United States v. Dominguez-Maroyoqui, No. 13-50066 (9th Cir. 2014)
Annotate this CaseDefendant appealed his sentence after pleading guilty to illegal reentry to the United States. The court concluded that defendant's 1996 conviction for assaulting a federal officer in violation of 18 U.S.C. 111(a) did not, categorically, qualify as a crime of violence because section 111(a) felony criminalizes a broader swath of conduct covered by U.S.S.G. 2L1.2's definition. The district court erred in applying the crime of violence enhancement under U.S.S.G. 2L1.2(b)(1)(A). Accordingly, the court vacated defendant's sentence and remanded for resentencing without the enhancement.

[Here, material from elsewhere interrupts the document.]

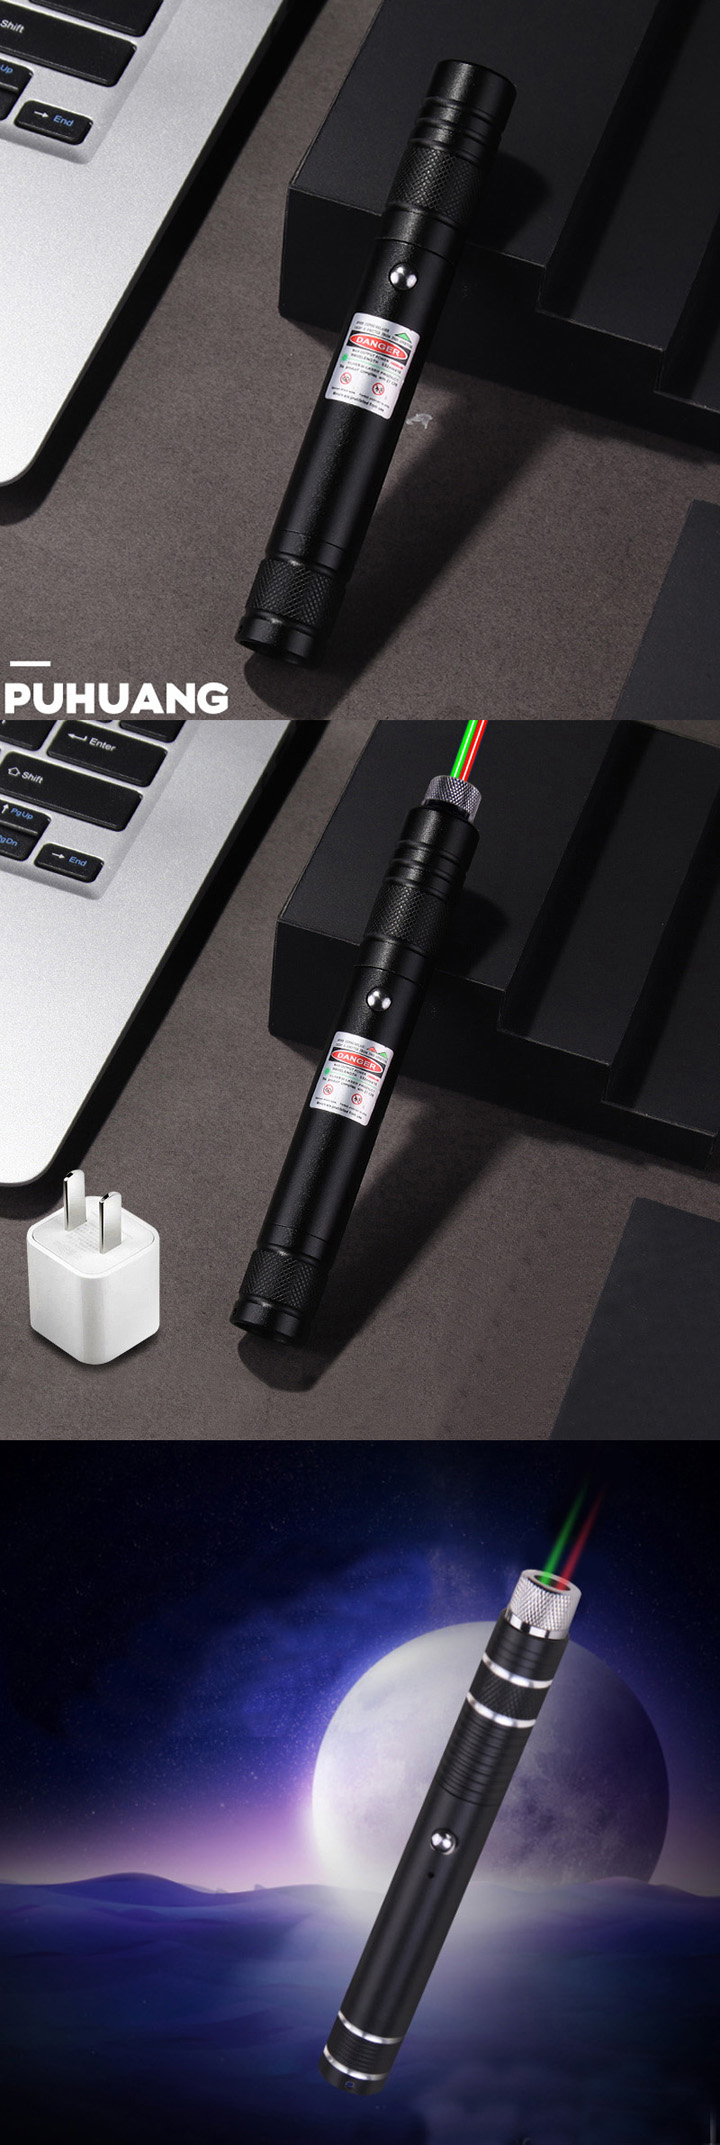 Pointeur laser vert USB pas cher et longue portée 150mW 532nm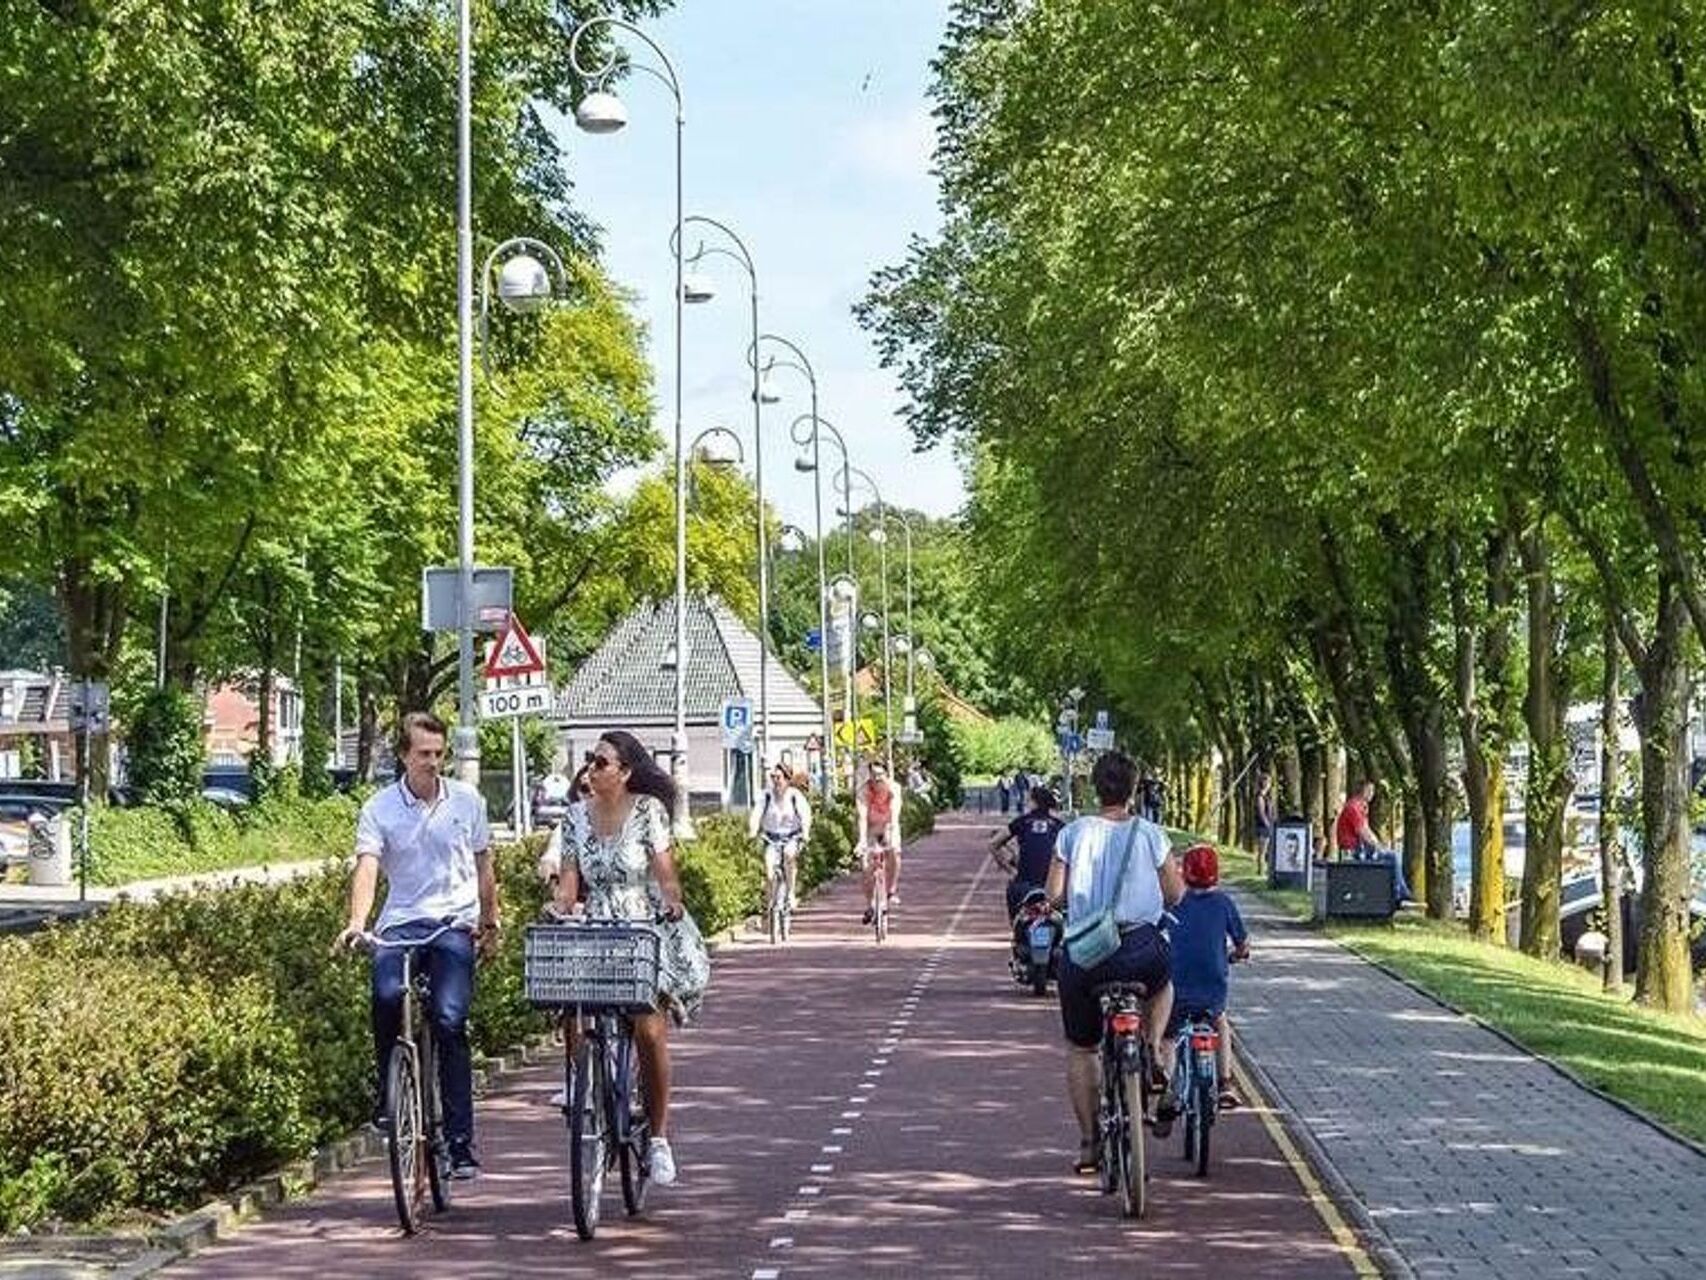 Le projet "Fili" prévoit une piste cyclable de Milan à Malpensa

Court Description: Criminal Law. The panel vacated a sentence and remanded for resentencing in a case in which the district court imposed an enhancement pursuant to U.S.S.G. § 2L1.2(b)(1)(A)(ii) on the ground that the defendant’s 1996 felony conviction under 18 U.S.C. § 111(a) for assaulting a federal officer qualifies as a crime of violence. The panel held that a § 111(a) felony is not categorically a crime of violence because it does not match any of § 2L1.2’s specifically enumerated offenses and does not require proof, as a necessary element, that the defendant used, attempted to use, or threatened to use physical force. The panel held that even if § 111(a) is viewed as a divisible statute setting out elements of the offense in the alternative, the modified categorical approach has no role to play because none of the alternatives requires proof of the type of violent physical force mandated under § 2L1.2’s definition of a crime of violence.